Please read FINRA’s press release and the regulatory notice for all of the details.

There will be much more to come on this, including at the February 3 FINRA Webinar. (FINRA announced its rescheduling from March 17 via email this afternoon.)

From our perspective, the topic of social media participation has moved from “FINRA won’t let us” to “How long will it take for Compliance to prepare our policies and procedures?”

This announcement is great timing for tomorrow’s Investment News Webinar on Advisors and LinkedIn.

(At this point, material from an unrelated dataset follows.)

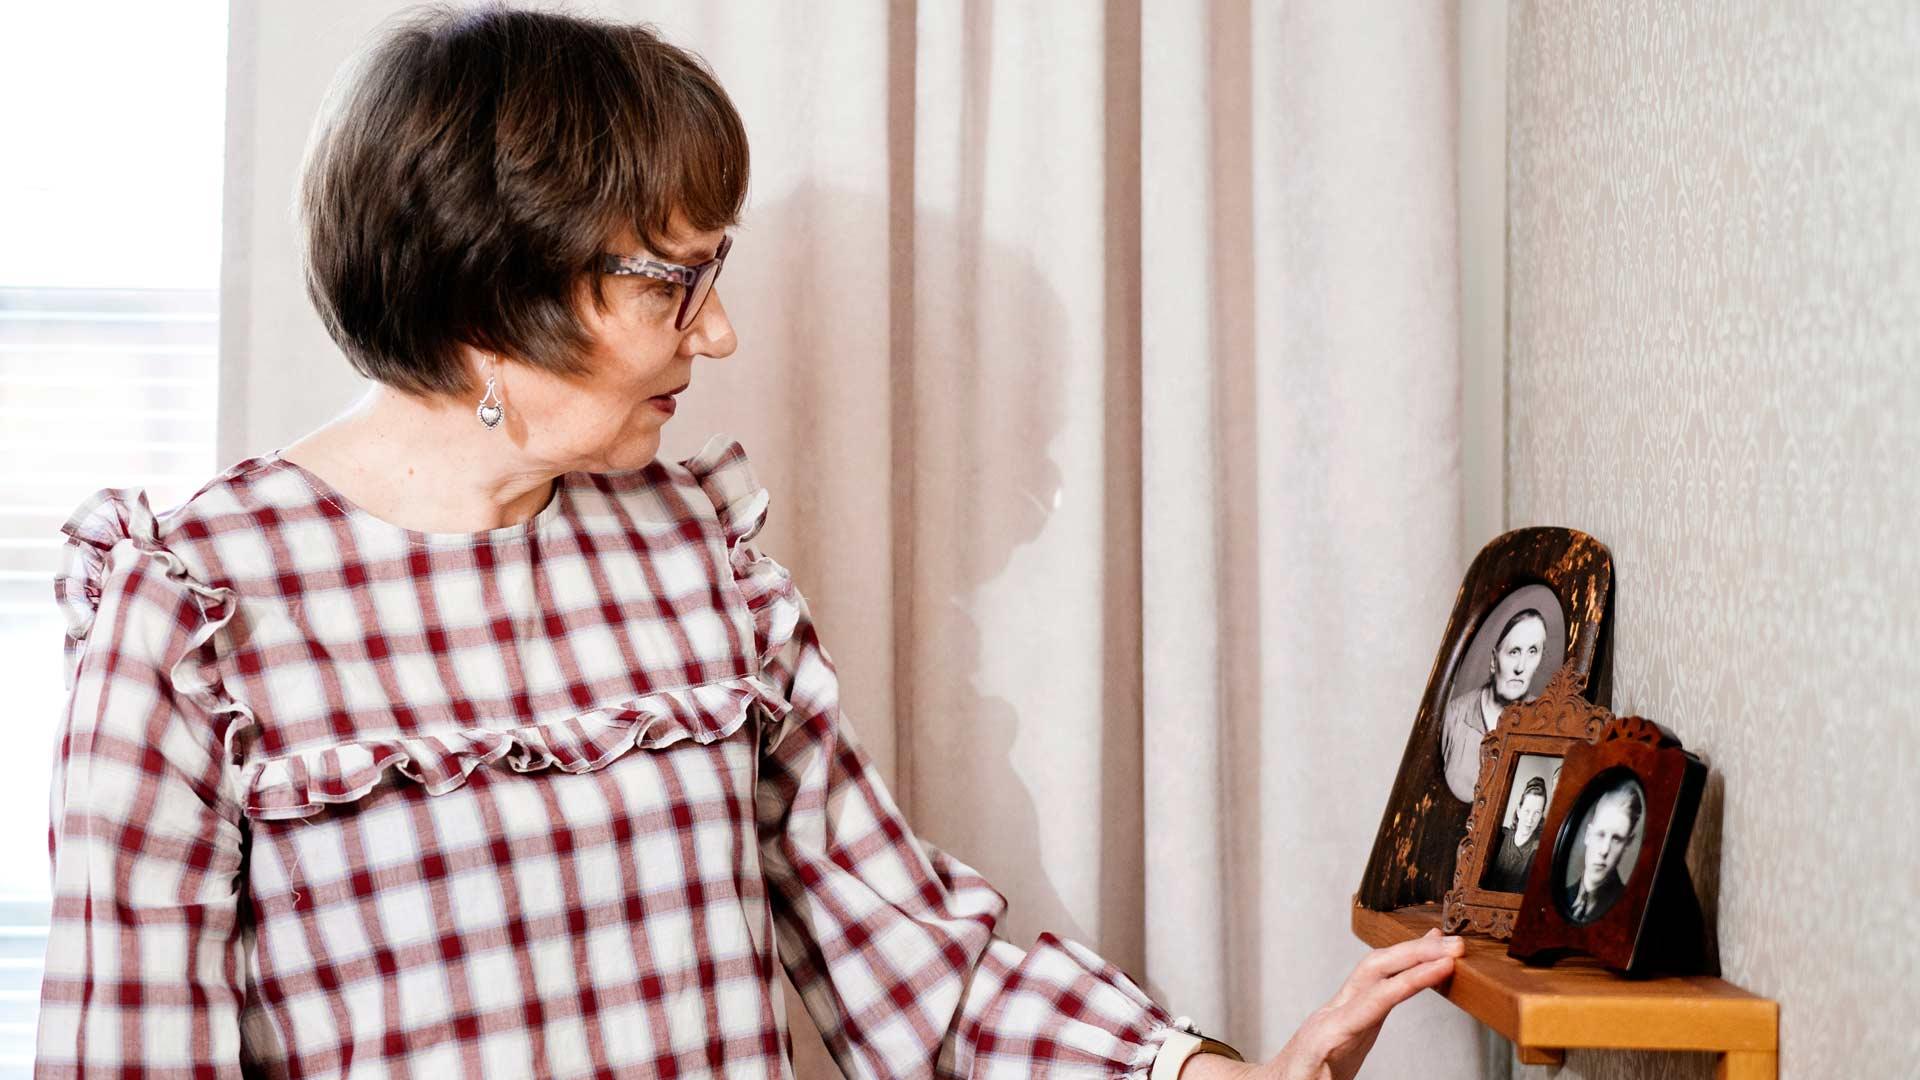 """Isänäiti, mumma, oli ehkä tärkein vaikuttaja Helena Jouppilan elämässä. """"Hänen huolenpitonsa oli merkittävää. Hän oli hyvin lempeä ihminen ja suhtautui kaikkiin ihmisiin myönteisesti."""""""

See you there?

And, of course, we’re interested in what you think of the FINRA guidance–as always, we welcome your comments below.

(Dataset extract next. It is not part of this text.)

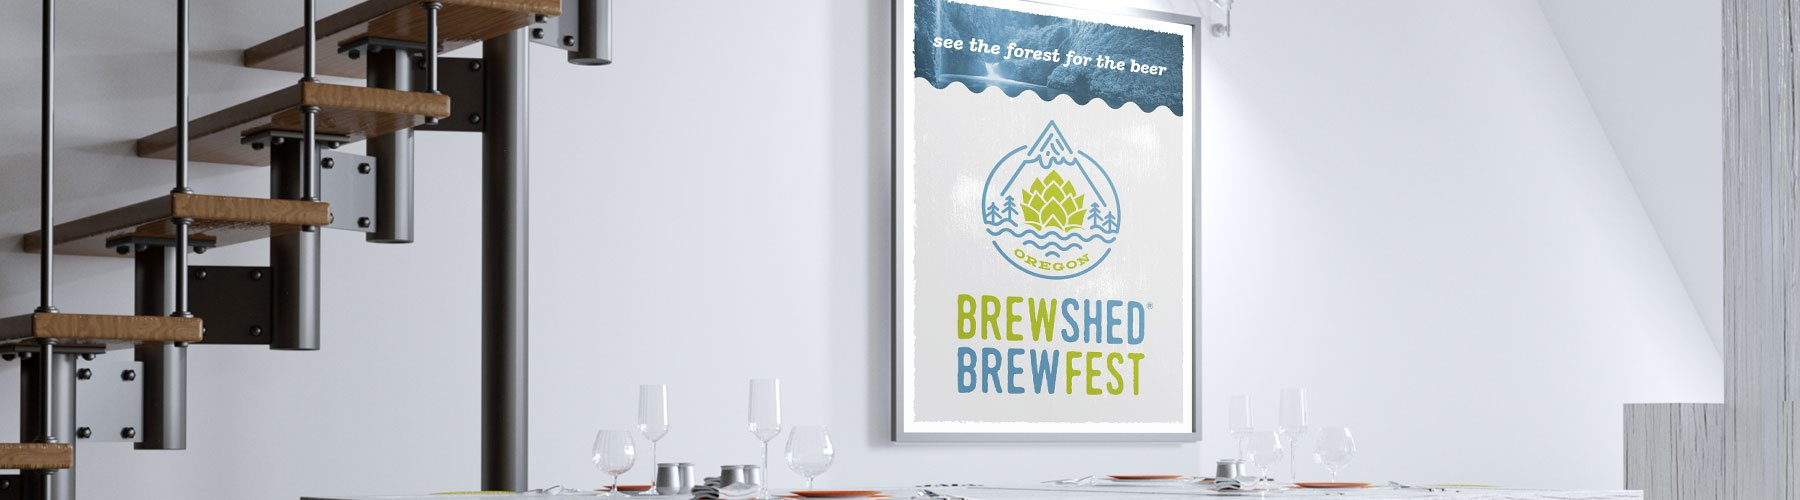 Brewshed Brewfest Poster

Financial Advisors, Social Networking & FINRA: This Debate Is On

In the last 12-15 months several Web sites have been developed to enable social networking for “financial professionals.” In a few cases, the term “financial professionals” includes the breadth of a network that a client would turn to for financial planning help, including financial advisors but CPAs, attorneys and insurance salespeople, too. Often the networks’ purpose and revenue model is to bring professional and client together.

We don’t have a dog in this fight (let alone a revenue model!). AdvisorTweets is a labor of love for us and we benefit in meaningful ways from the interaction it affords us. Beyond trying to keep AT up and loading quicker, we’re content just aggregating and reading financial advisor tweets.

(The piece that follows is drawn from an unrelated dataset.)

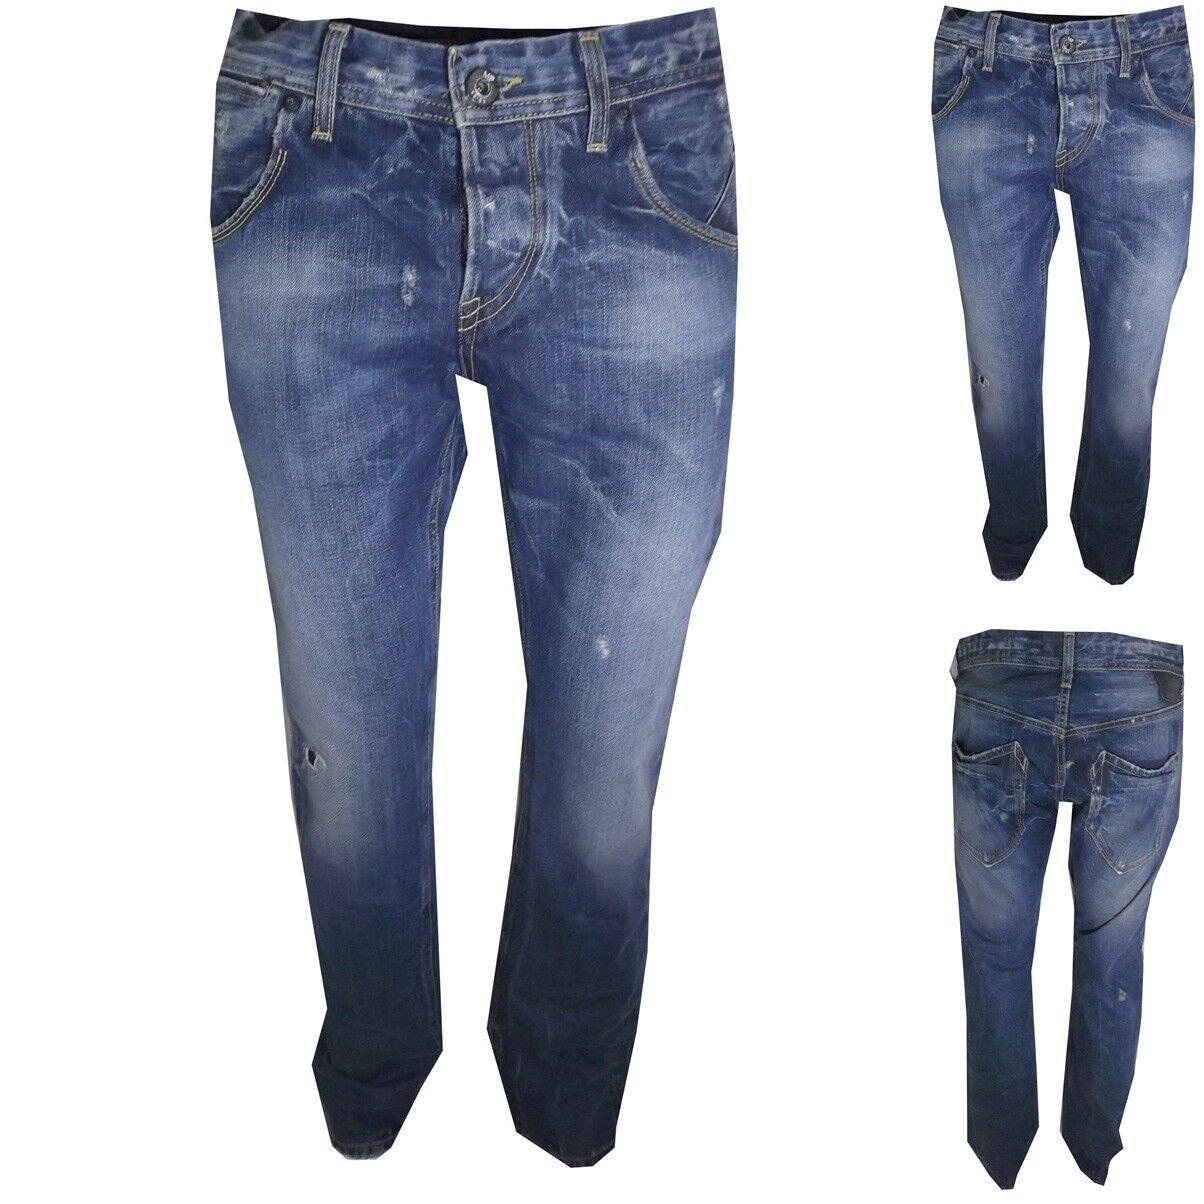 Meltin'pot jeans uomo manolo strappato stright fit diritto svasato taglia W33L34

So we’re just fascinated with the positioning that’s going on with these networks and what can be learned from the discussion. This is a great time to watch the distribution end of the investment industry put social media on for size.

(And as a quick digression, we see that Raymond James is spending some time on Twitter lately with its @RaymondJames‘ Twitter account created in December and its  @RJAdvisorChoice account. We know about Northwestern Mutual’s account [@NM_News] and see imposter accounts but if you know of other broker-dealers on Twitter, please comment below.)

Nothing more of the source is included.